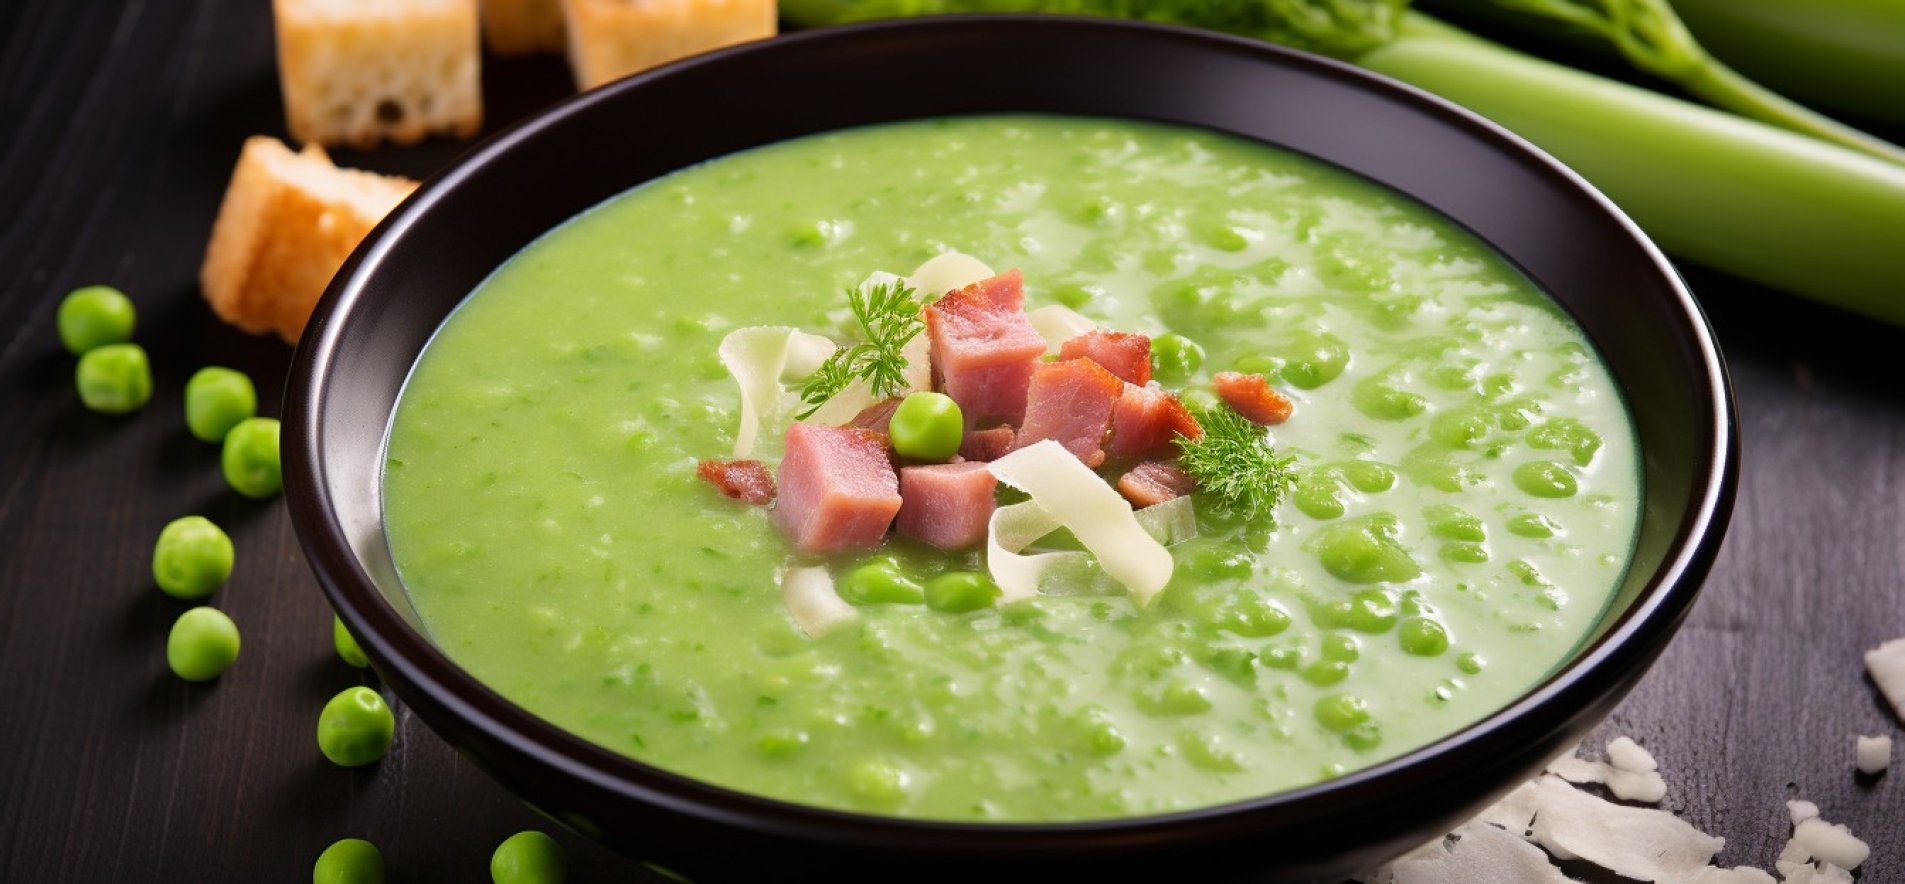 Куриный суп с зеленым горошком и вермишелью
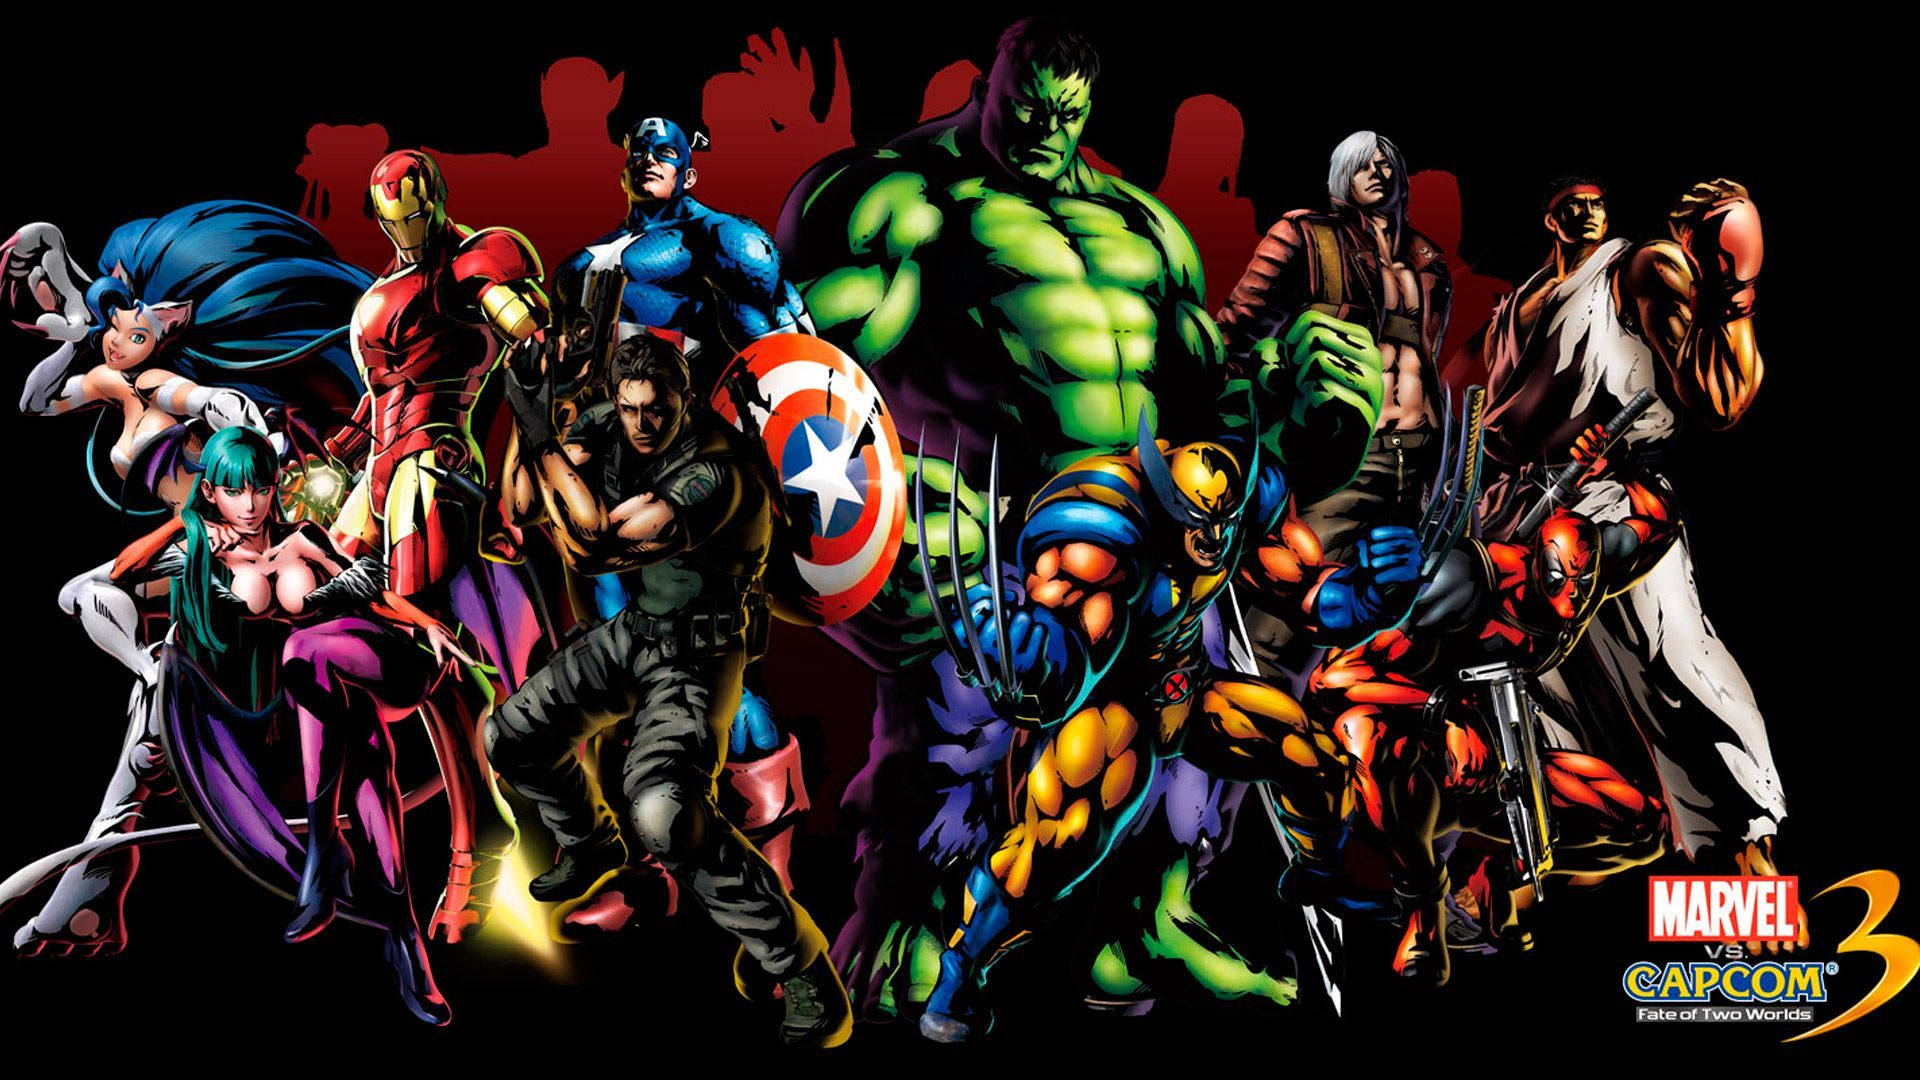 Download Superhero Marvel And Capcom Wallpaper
---+---
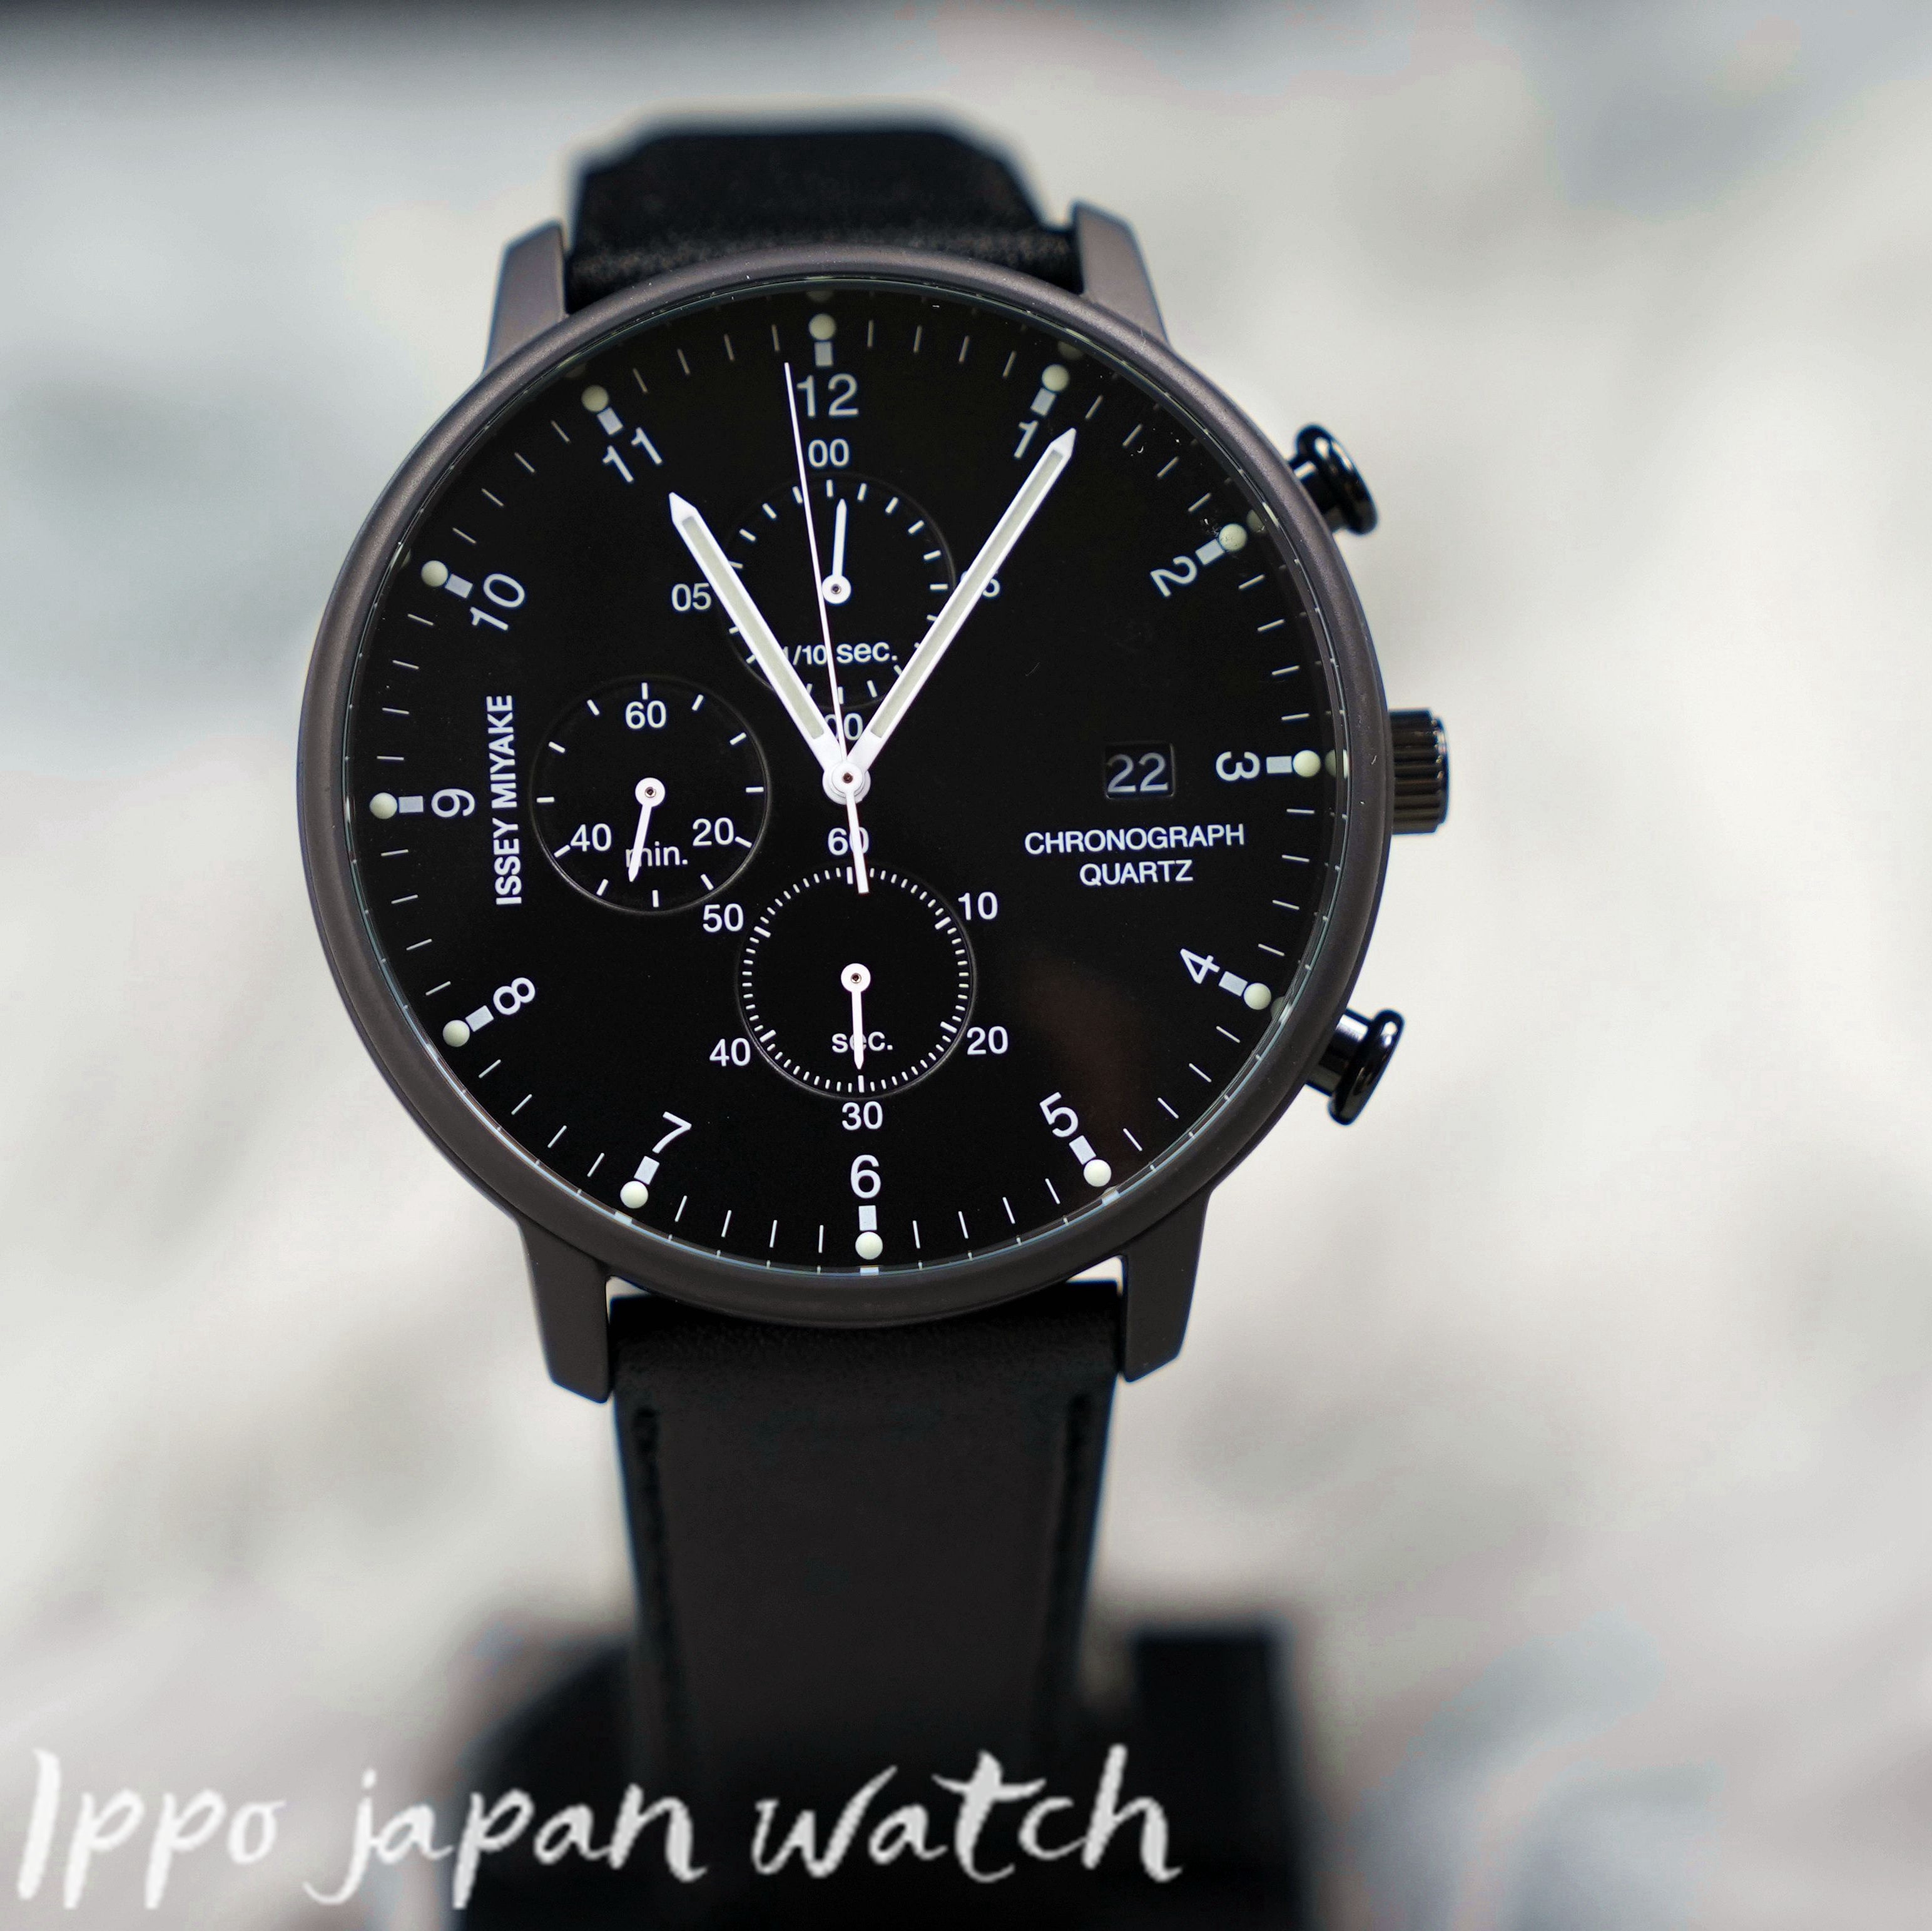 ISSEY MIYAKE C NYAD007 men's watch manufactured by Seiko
---+---
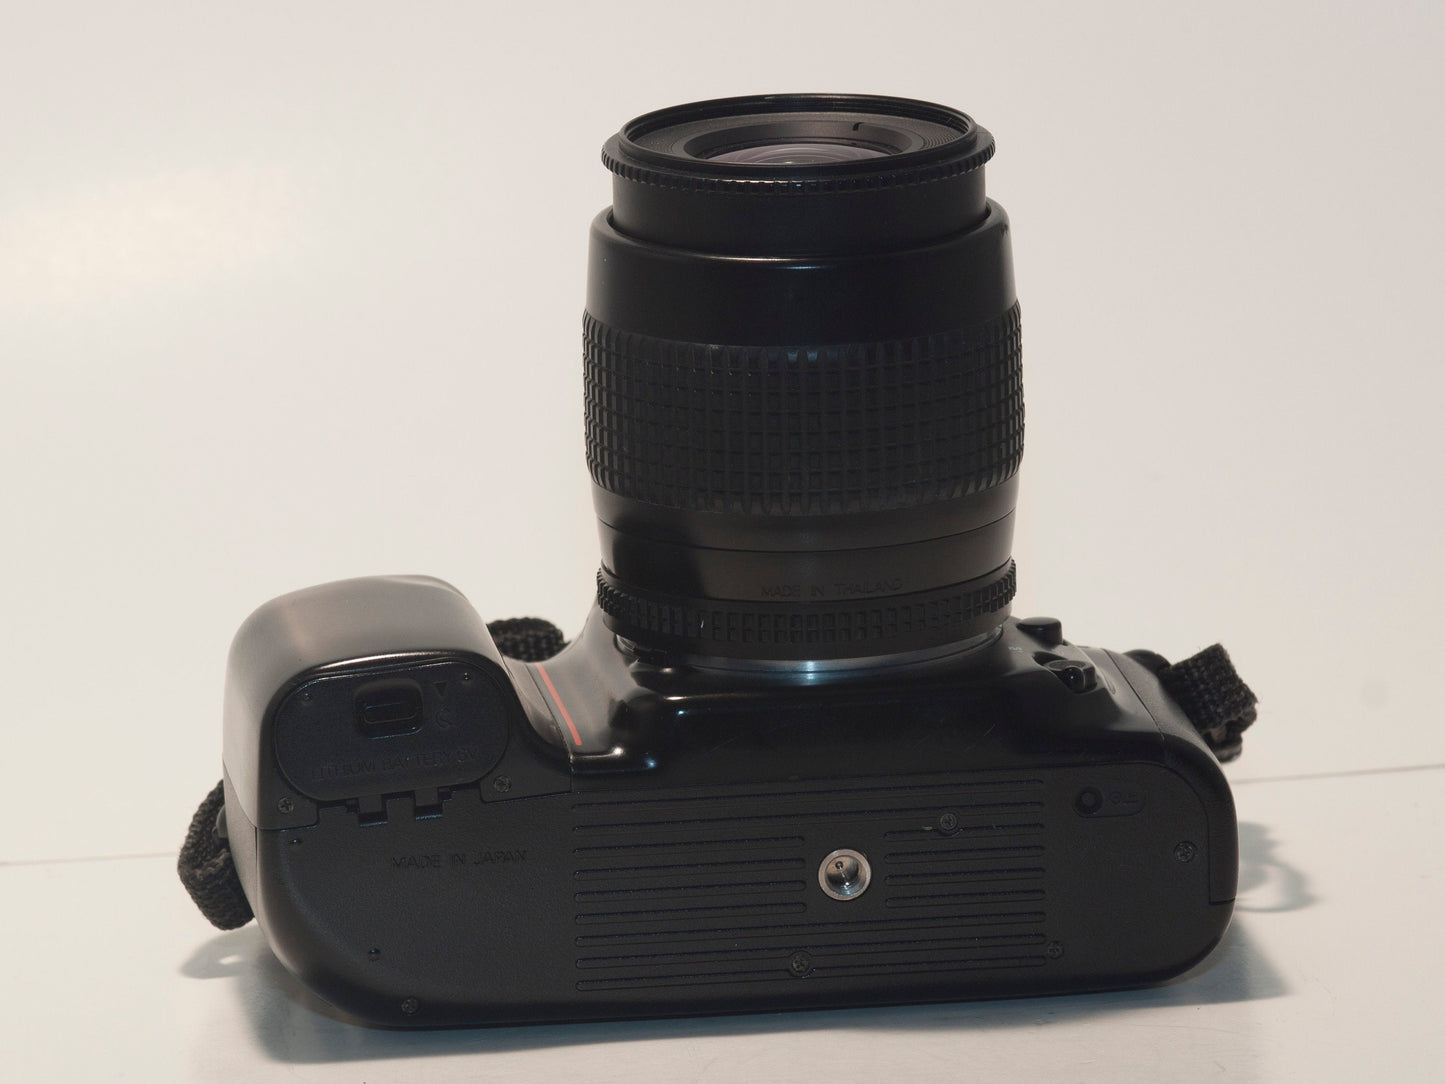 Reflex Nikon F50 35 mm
---+---
* Description of the task: Starting at the line above that has "Куриный суп с зеленым горошком и вермишелью" and ending at the line that has "Download Superhero Marvel", copy each line exactly, leaving the pictures out and adding nothing.

* Solution:
 Куриный суп с зеленым горошком и вермишелью
 Download Superhero Marvel And Capcom Wallpaper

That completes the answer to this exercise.